The effects of 2 specific rare missense variants (1 each in RUNX1 and MECOM), which both have >100 individuals with the minor allele, are shown (see figure). These results show that they both are not significantly associated with either platelet count or volume, contrary to previous claims of pathogenicity. In contrast, numerous other variants met statistical significance criteria, with the magnitude of effects on platelet and clinical traits shown, which are important for variant interpretation and clinical translation. This work provides both useful positive and negative data; some variants that have previously been found in affected individuals may now have their role in the disease questioned, whereas for other variants, their role is strengthened. MacArthur et al noted, “Unambiguous assignment of disease causality for sequence variants is often impossible, particularly for the very low-frequency variants underlying many cases of rare, severe diseases.”9 (p 469)
Other questions that are addressed in this work include the following: What is the true mode of inheritance for specific variants? Loss-of-function variants in MPL have been reported to have an autosomal recessive mode of inheritance for congenital amegakaryocytic thrombocytopenia. However, they are paradoxically associated with higher platelet count than controls in (presumably) simple heterozygotes (carriers), consistent with overdominant inheritance. Also, the authors showed the additive effects of (poly)genetic (risk) scores on platelet traits in combination with some of the rare variants that they examined.

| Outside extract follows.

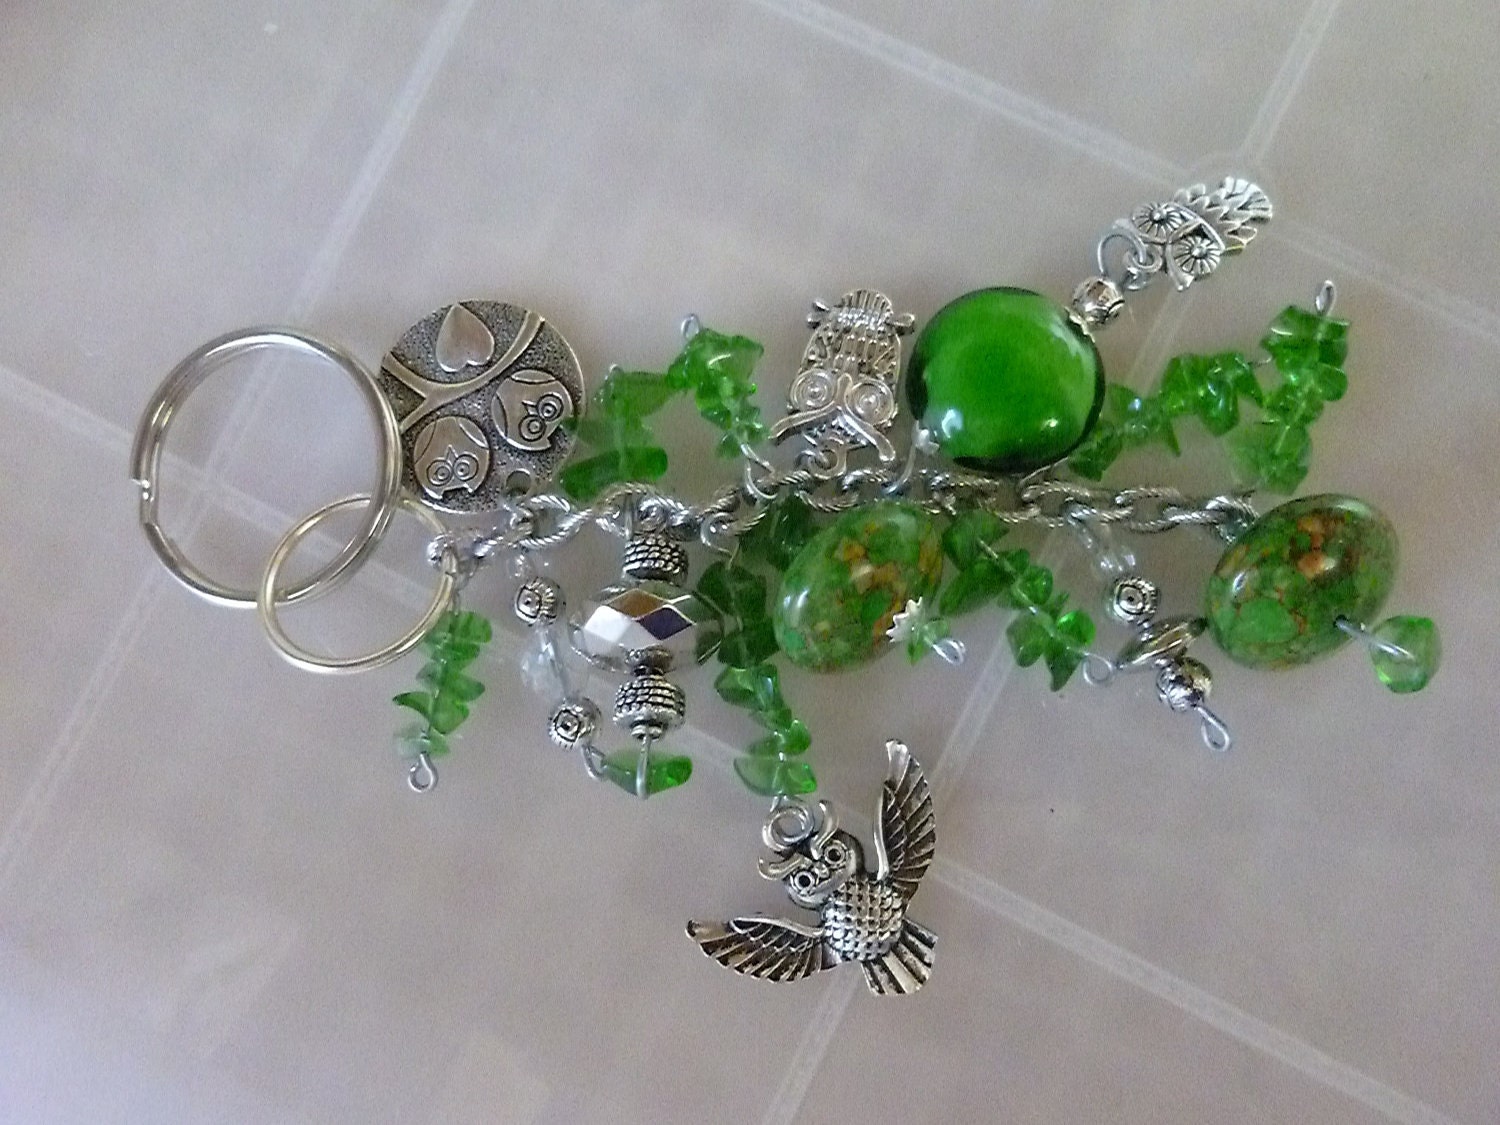 5 inch Owl Chunky Bling Keychain with Metal and Glass Beads - dangle

Limitations of the work include that UK Biobank subjects were aged 40 to 69 years at baseline and had a participation rate of 5.5%, with participants significantly healthier and wealthier and more likely women than the general population.10 It is likely that individuals with BTPDs are underrepresented in the UK Biobank, and those who did participate have milder disease than the general population, which could tend to attenuate phenotypic associations.

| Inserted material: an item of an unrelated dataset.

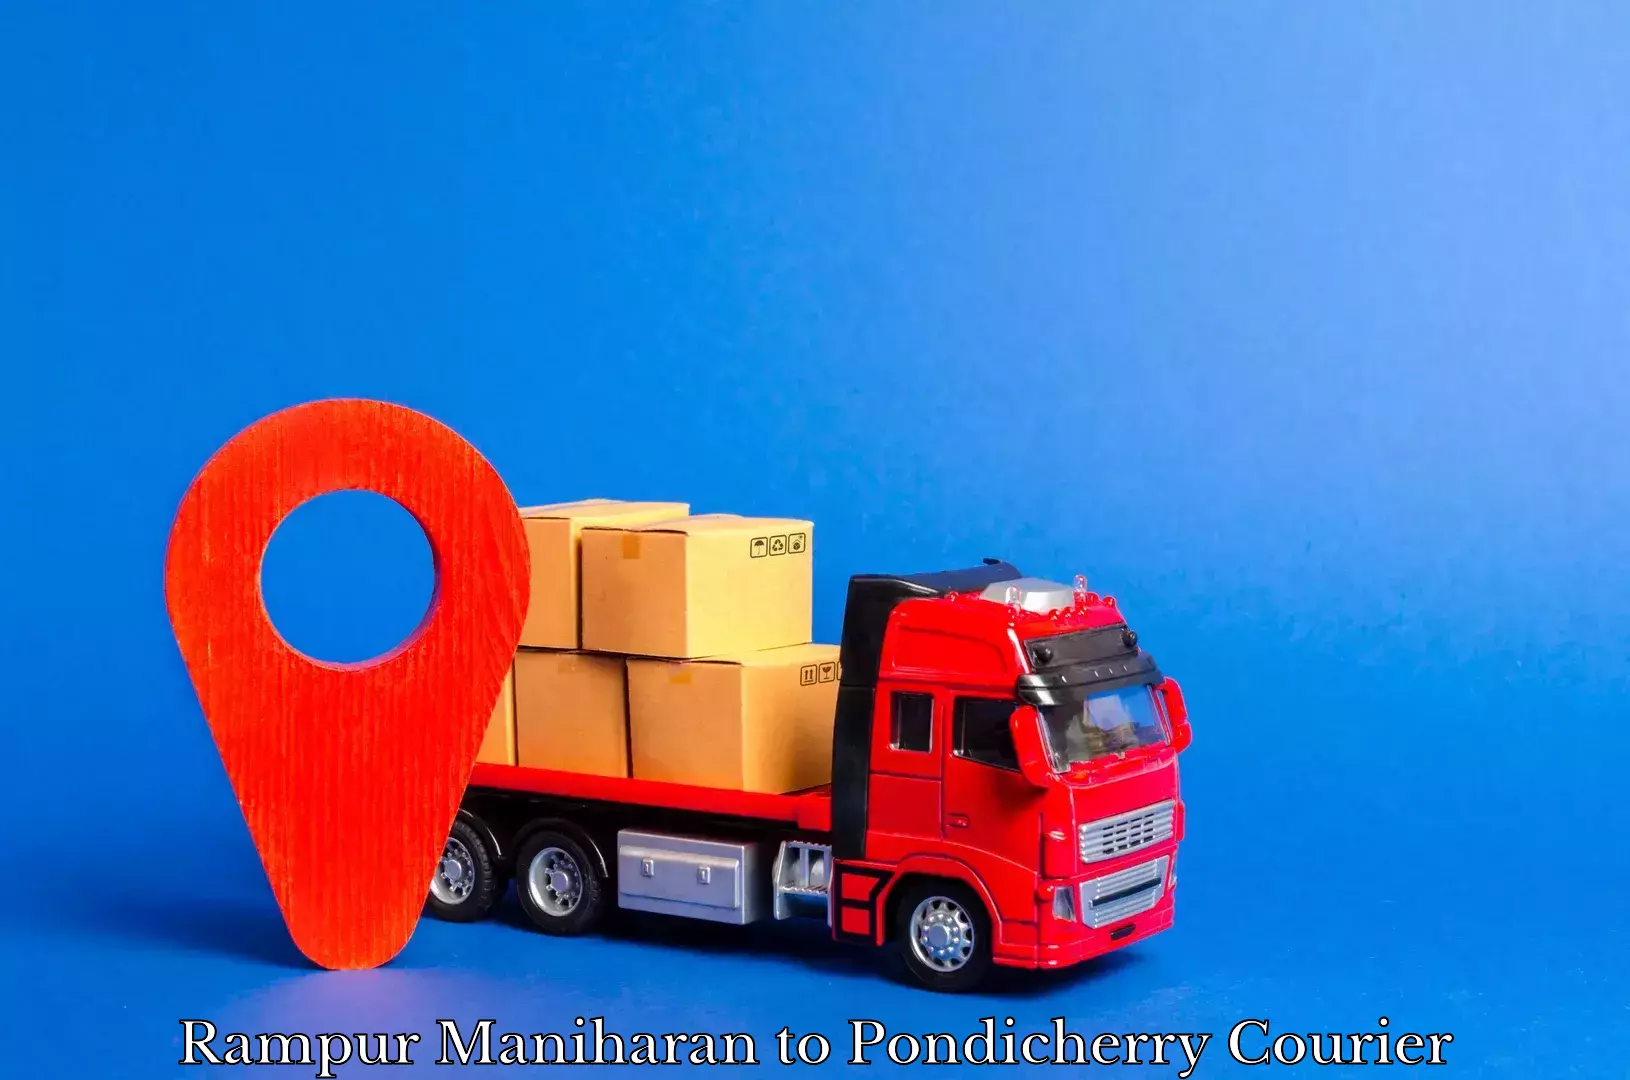 State-of-the-art courier technology Rampur Maniharan to Pondicherry

A further limitation is that the authors restricted analysis to variants with MAF <0.1%, because they are more likely to be responsible for rare Mendelian diseases. This unfortunately resulted in the exclusion of several well-known variants (eg, VWF p.Thr1034del [rs368366214, MAF in African ancestry individuals=1.5%] and p.Tyr1584Cys [rs1800386, MAF in UK Biobank=0.43%]) for which insights about the association with traits would provide important information. Platelet function tests were absent, as were relevant protein levels (F8, F9, and VWF), but the latter are being generated from large-scale proteomics in the UK Biobank.
Are the findings from the UK Biobank specific to just hematology? No, similar findings have been previously reported for monogenic diabetes and developmental disorders,8 among others, and are expected to be expanded to other disorders. But the data published here provide valuable insights into DNA variants in coagulation and platelet disorders.
Conflict-of-interest disclosure: The author declares no competing financial interests.